A batalha anunciada

De tantos pesadelos nos últimos anos, é preciso dar certa razão ao desabafo do velho amigo, em meio a uma garrafa de vinho: “A esquerda que era o meu sonho de juventude, hoje é o meu pesadelo da velhice”. Sonhos são próprios da juventude, mas isto não exclui os mais velhos de algum esperançoso porvir. Afinal, a esperança é a última que morre.

Na noite de sábado, a possível batalha campal no Centro Cívico me tirou o sono – o pesadelo anunciado, melhor dizendo. O cenário do penoso sonho foi a alvorada do dia dos deputados votarem pelo confisco dos aposentados, com as colunas da Polícia Militar cercando a Assembleia Legislativa, em meio a uma bruma de se cortar com a faca.

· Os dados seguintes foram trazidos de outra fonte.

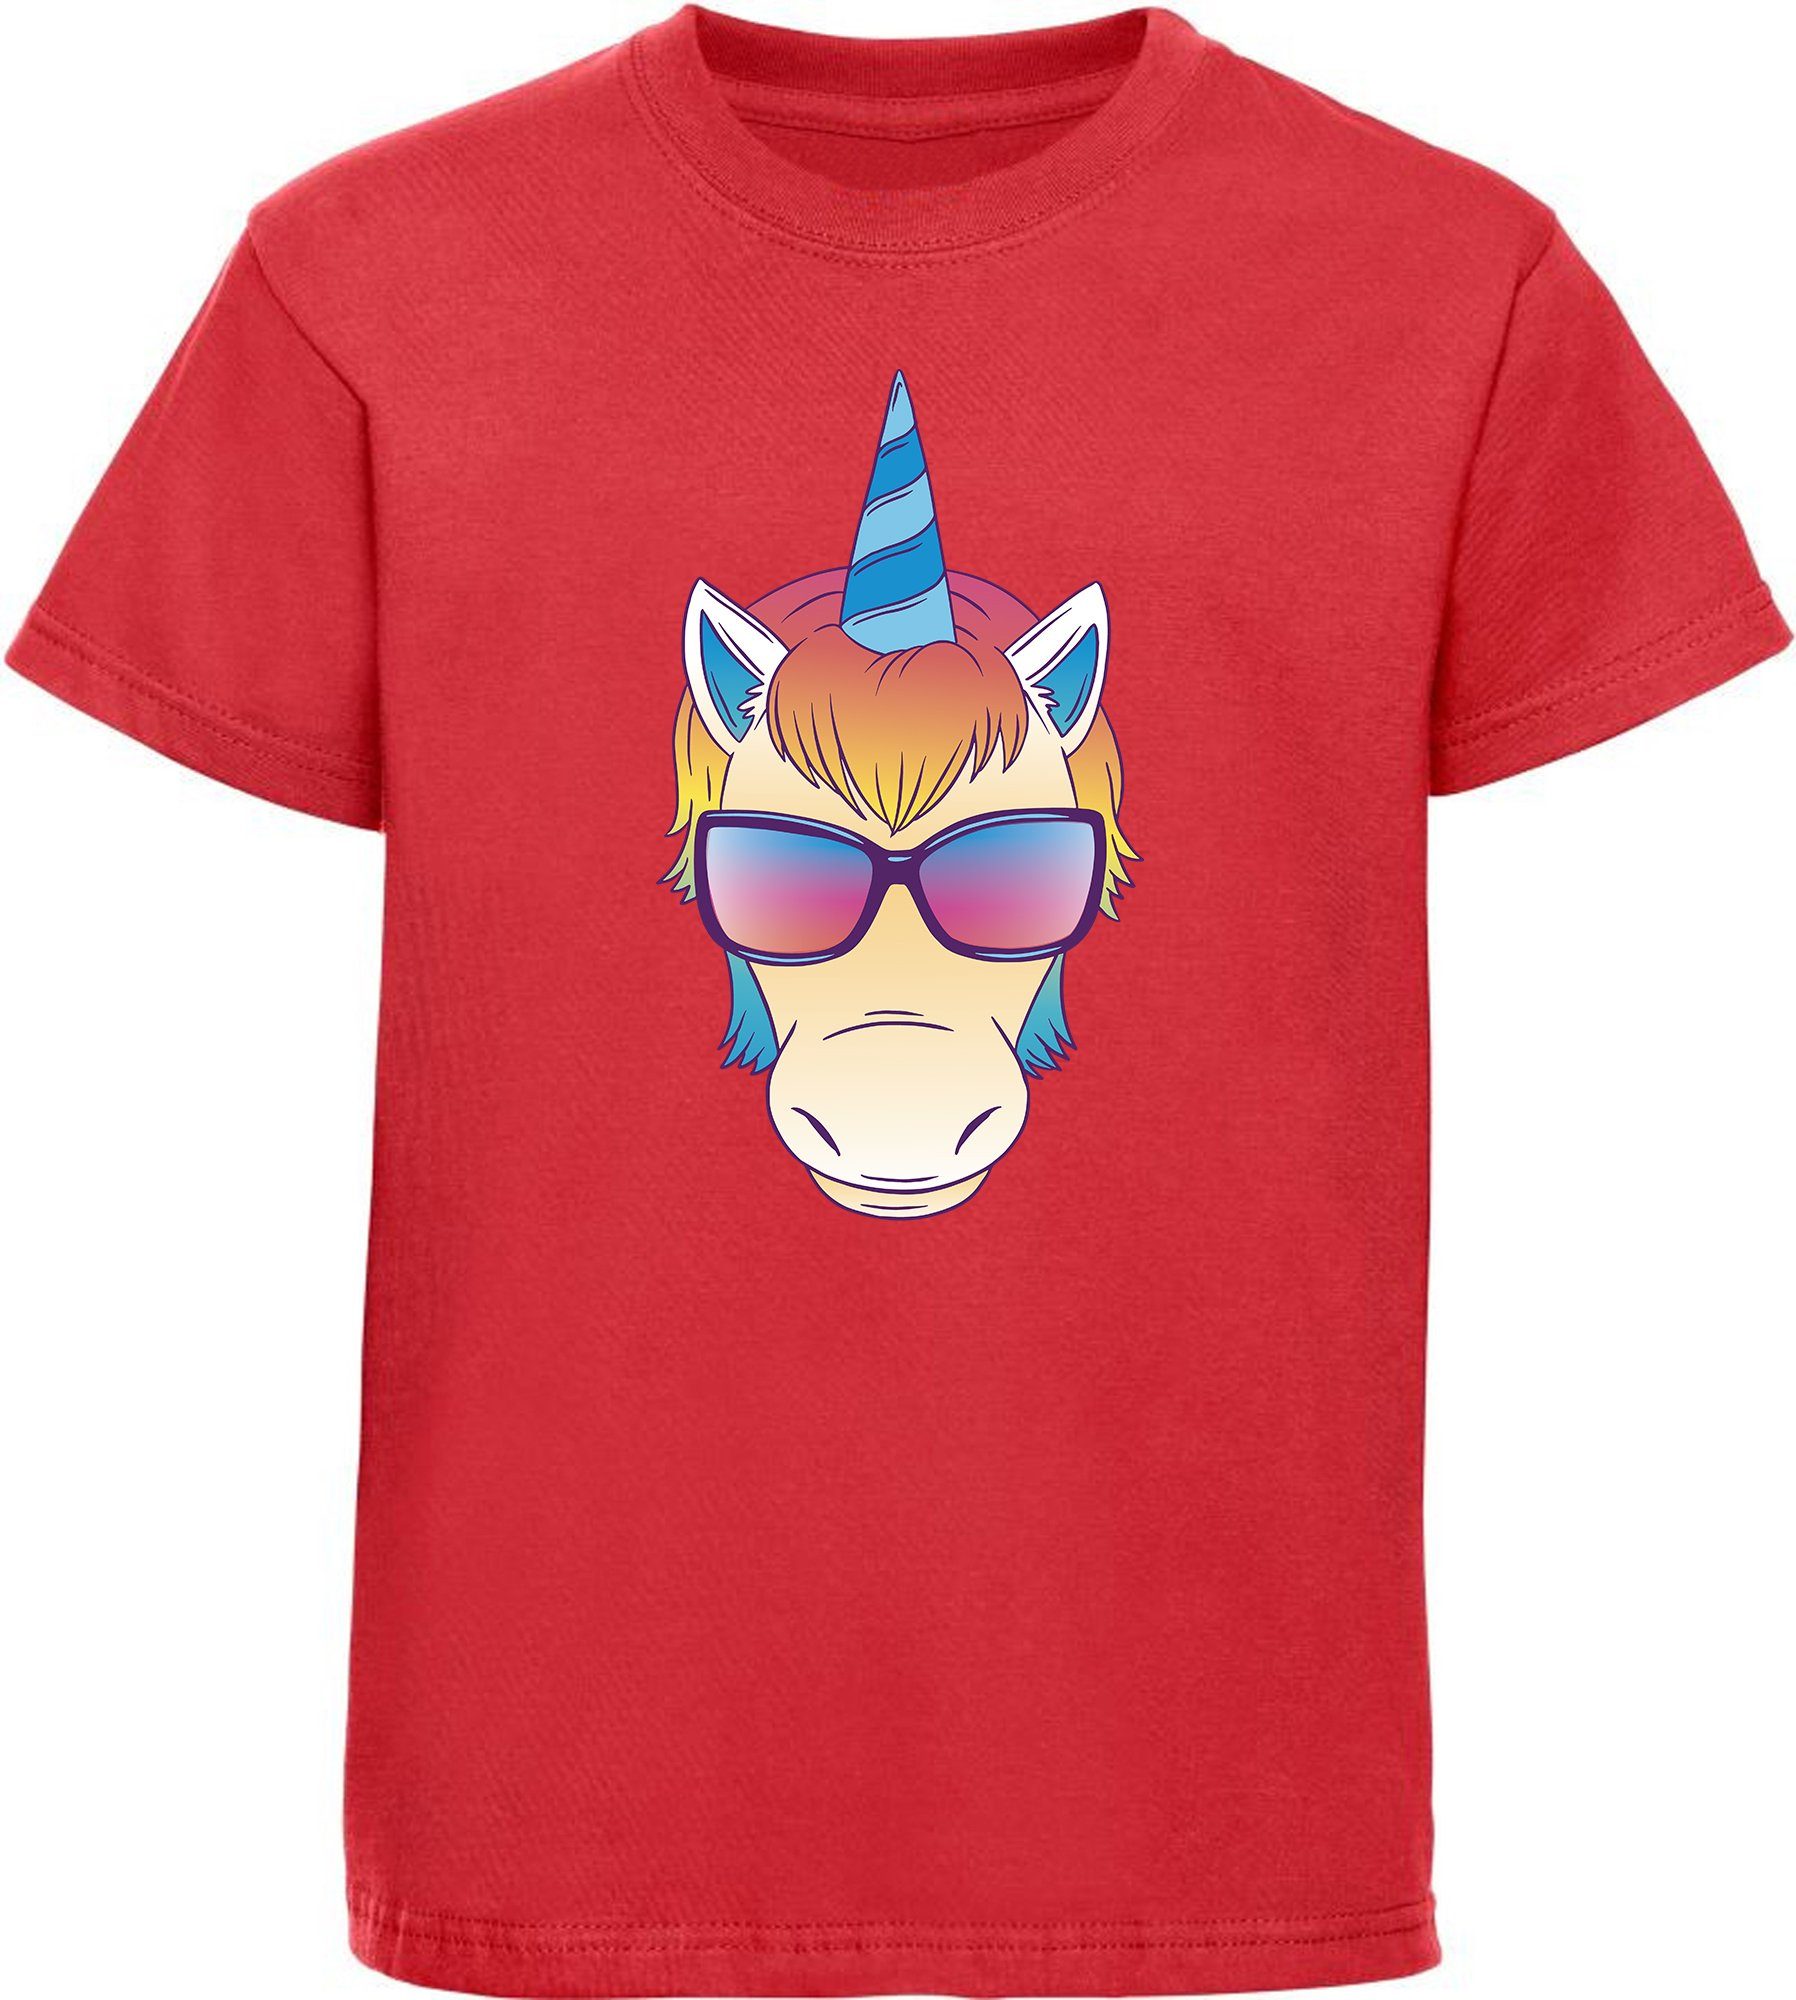 MyDesign24 T-Shirt Kinder Print Shirt bedruckt - Einhorn Kopf mit Sonnenbrille Baumwollshirt mit Aufdruck, i255 rot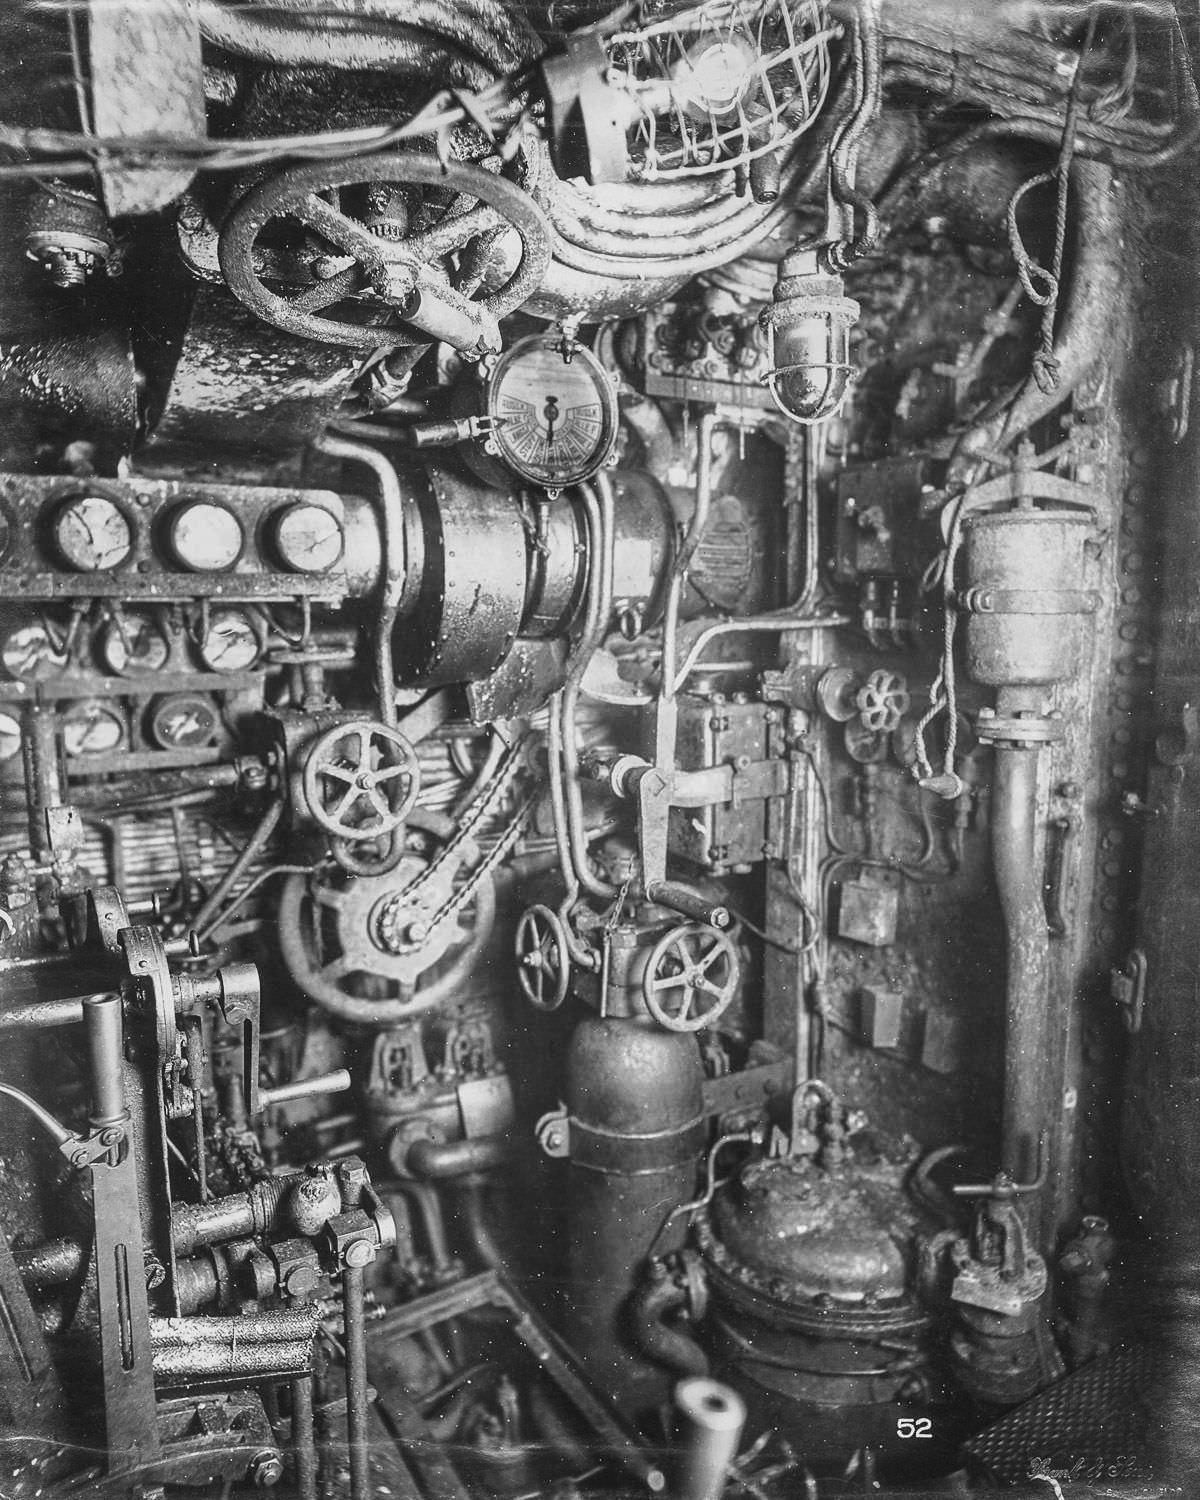 Diesel engine room.

Às dez da manhã, a vanguarda das tropas de segurança torna-se visível aos professores e demais funcionários públicos que a observam. O secretário Fernando Francisquini, na boleia de um camburão, está em meio à inspeção da armada quando três bombas o alertam para o avanço dos manifestantes em direção à Praça Nossa Senhora de Salete.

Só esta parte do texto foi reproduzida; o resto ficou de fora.